**Your assignment:** From the entries below, reproduce exactly the lines from the one with "A Bologna una" through the one with "Gorra de Ni?o", both included, without images.

**Exercise input:**
____________________
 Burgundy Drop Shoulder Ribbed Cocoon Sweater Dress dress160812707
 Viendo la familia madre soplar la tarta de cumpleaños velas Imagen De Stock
____________________
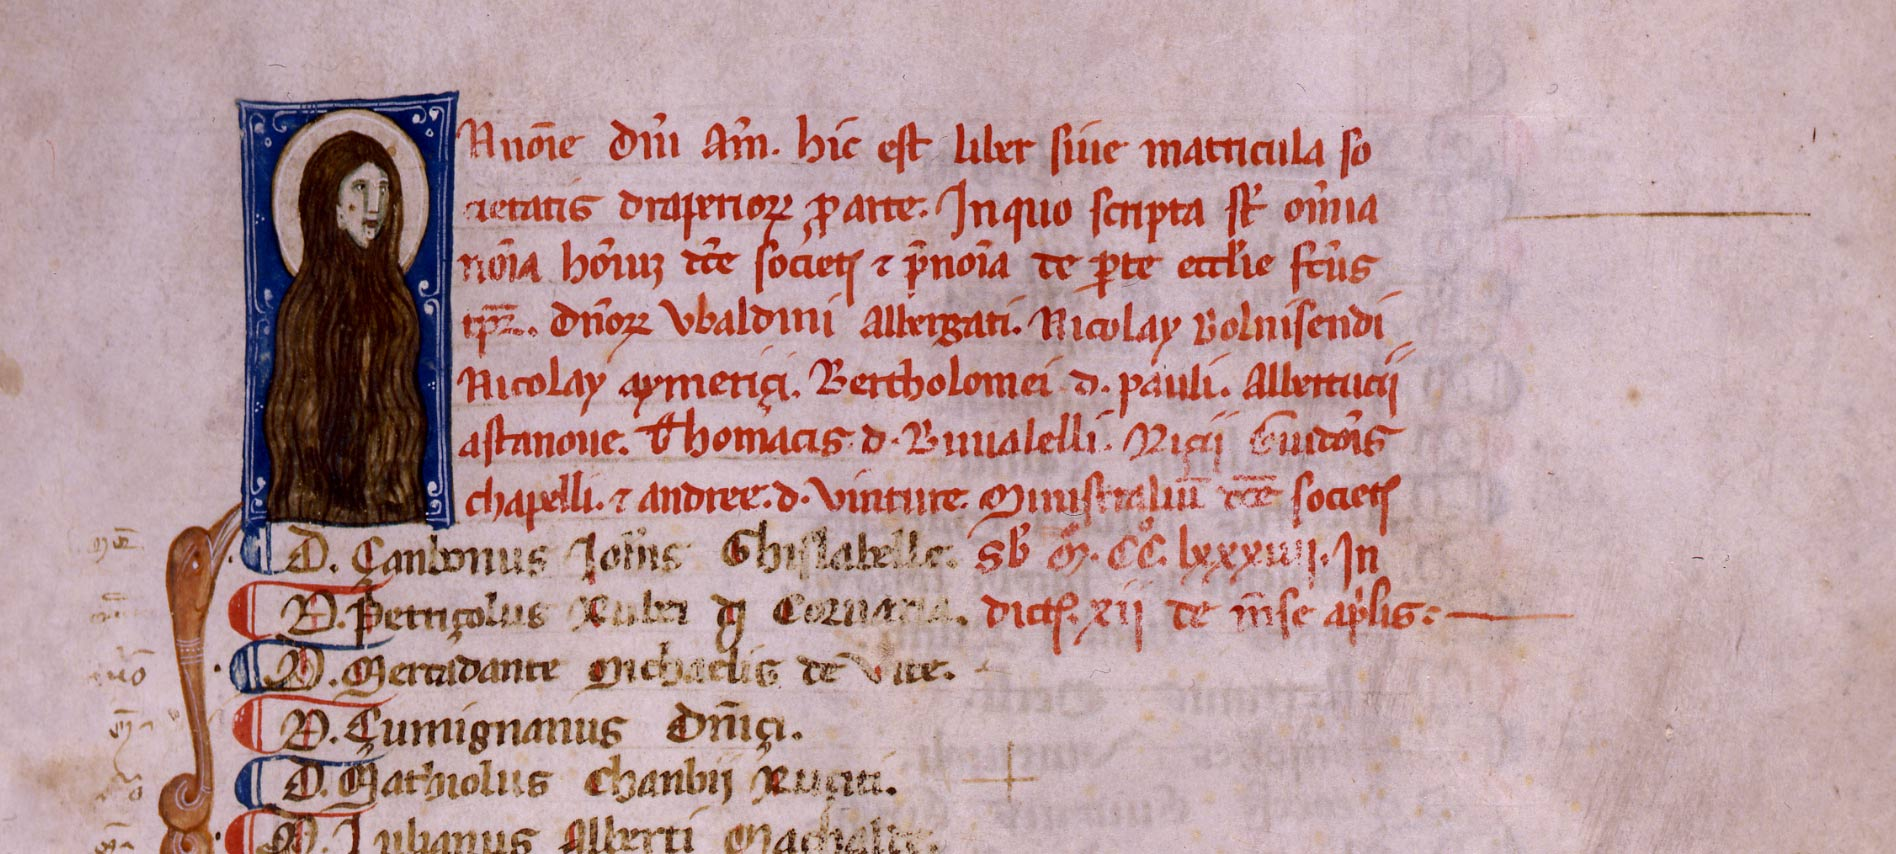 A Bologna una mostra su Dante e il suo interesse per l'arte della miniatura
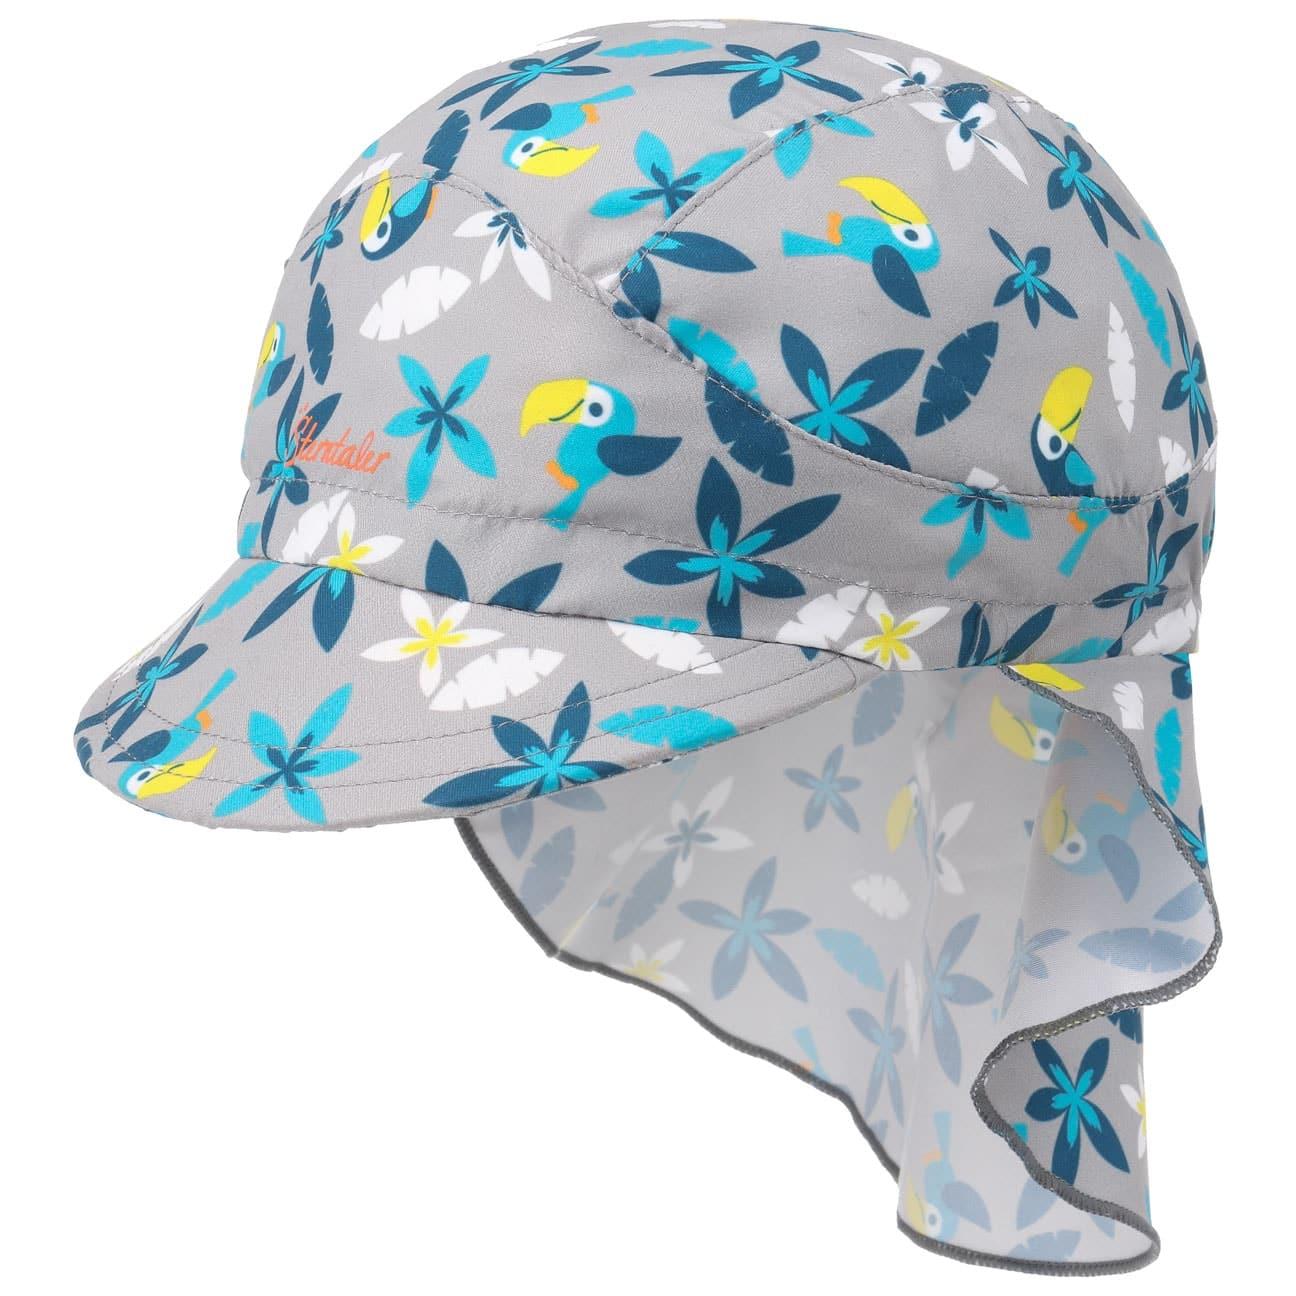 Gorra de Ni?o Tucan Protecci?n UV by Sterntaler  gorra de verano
____________________
**Reply to the task:**
 A Bologna una mostra su Dante e il suo interesse per l'arte della miniatura
 Gorra de Ni?o Tucan Protecci?n UV by Sterntaler  gorra de verano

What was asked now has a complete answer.